02/07/2007 (SEG)
“CLAREIRA FLAMEJANTE”
Obra do jornalista Rogério Recco retrata, com especial ênfase, o processo de eletrificação no Norte do Paraná; lançamento faz parte da programação dos 60 anos de Maringá.
Como parte da programação comemorativa aos 60 anos de Maringá, será lançado no próximo dia 2 de julho, no “foyer” do Teatro Calil Haddad, o livro “Clareira Flamejante”, de autoria do jornalista Rogério Recco.
De acordo com o autor, as publicações sobre o assunto são escassas no Paraná e muito pouco se sabia da história da eletrificação no Norte do Estado. O livro foi viabilizado com o patrocínio da empresa Romagnole, sediada em Mandaguari, através da Lei Rouanet de Incentivo à Cultura, do Ministério da Cultura.
Com 140 páginas, a obra, que é um projeto especial da Flamma Comunicação, de Maringá, narra a trajetória da energia elétrica desde seus primórdios no Brasil, no final do século XIX. A partir daí, a eletricidade começou a mudar radicalmente a vida das principais cidades brasileiras, entre elas Curitiba. No entanto, demoraria mais de meio século para chegar ao Norte do Estado, região que, mesmo passando por um grande surto de desenvolvimento, ainda dependia de sucateados e insuficientes motores movidos a óleo diesel para geração de energia. Enquanto isso, na maioria das casas, o que prevalecia mesmo eram lamparinas, que exalavam tufos de fumaça.

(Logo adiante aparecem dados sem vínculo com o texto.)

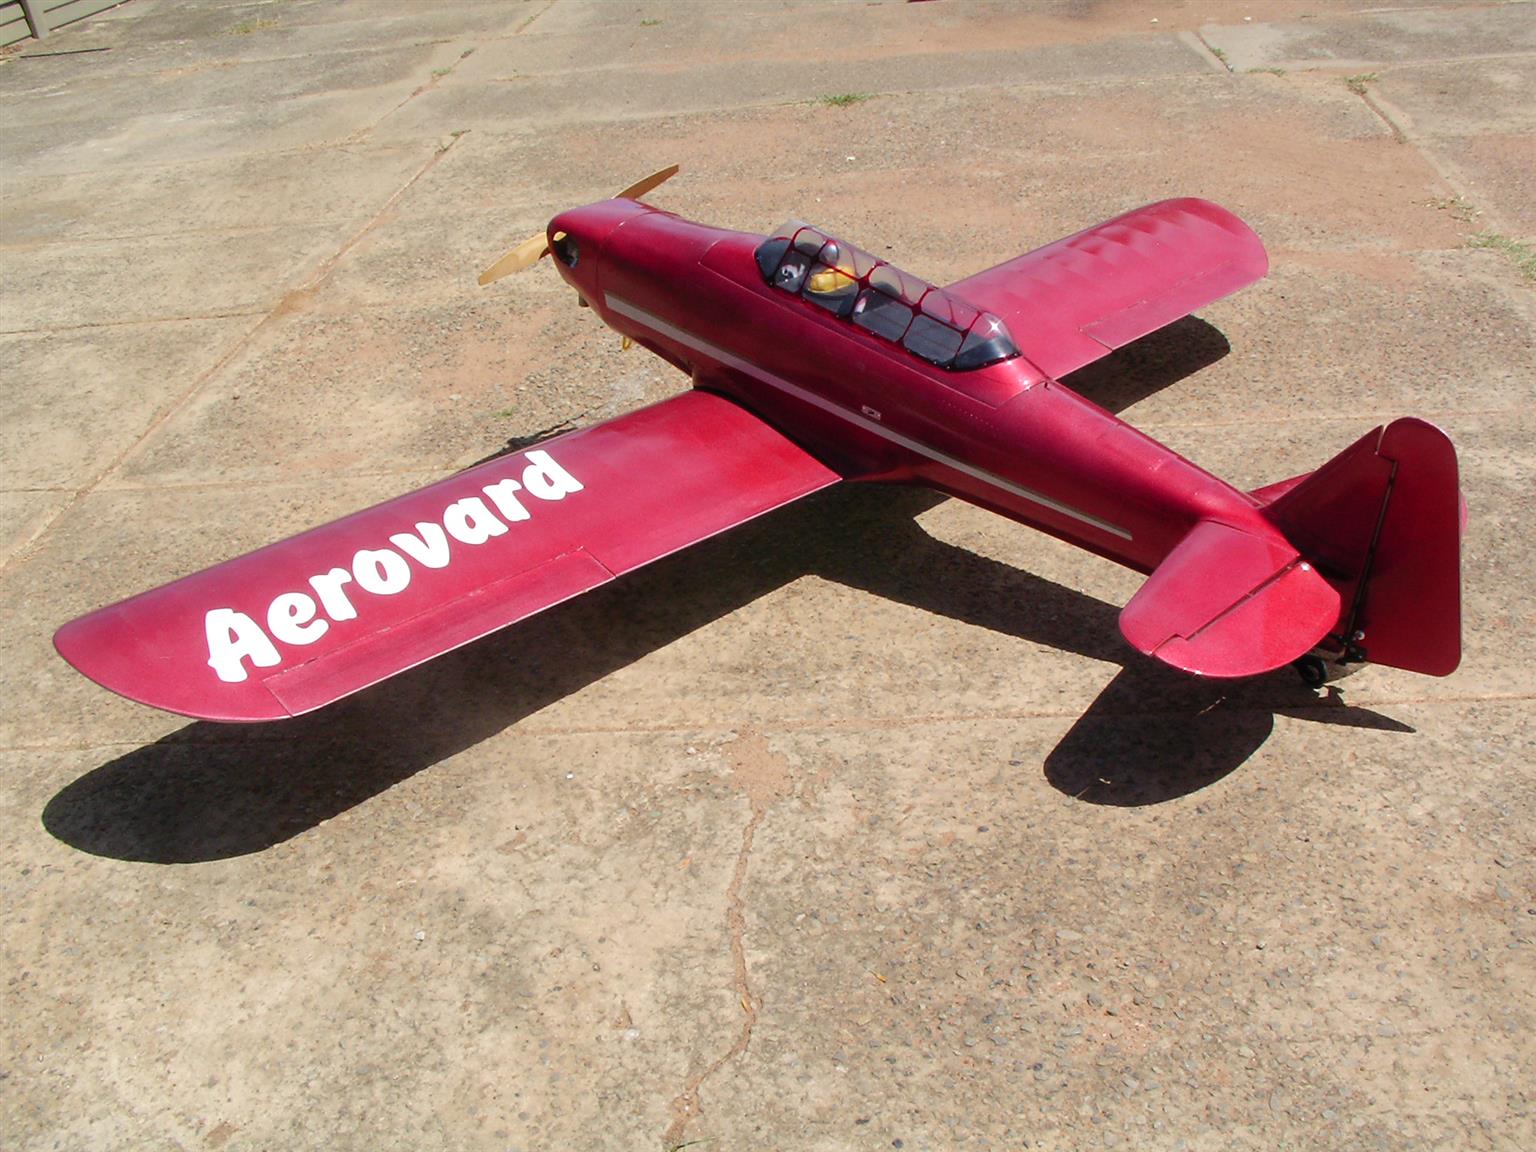 Aerovard RC plane

Fundada em 1947, a cidade de Maringá só receberia seu primeiro conjunto de motores a diesel em 1952. Como a eletricidade atendia apenas alguns quarteirões, a população vivia às escuras e suas primeiras empresas e indústrias sofriam com o problema. Por causa disso, não raramente eram deflagrados movimentos de protesto contra o governo do Estado, que teria “virado as costas” para o Norte. Isto ocorria também em outras cidades, como Mandaguari e Apucarana. Só Londrina, privilegiada pela existência de várias quedas d’água em sua região, contaria desde cedo com algumas usinas hidrelétricas.
Com uma tiragem de 3,5 mil exemplares, o livro “Clareira Flamejante” será distribuído como fonte de consulta para bibliotecas públicas de todo o Paraná, além de universidades, escolas técnicas e rede pública e particular de ensino, acervos históricos e associações de pioneiros.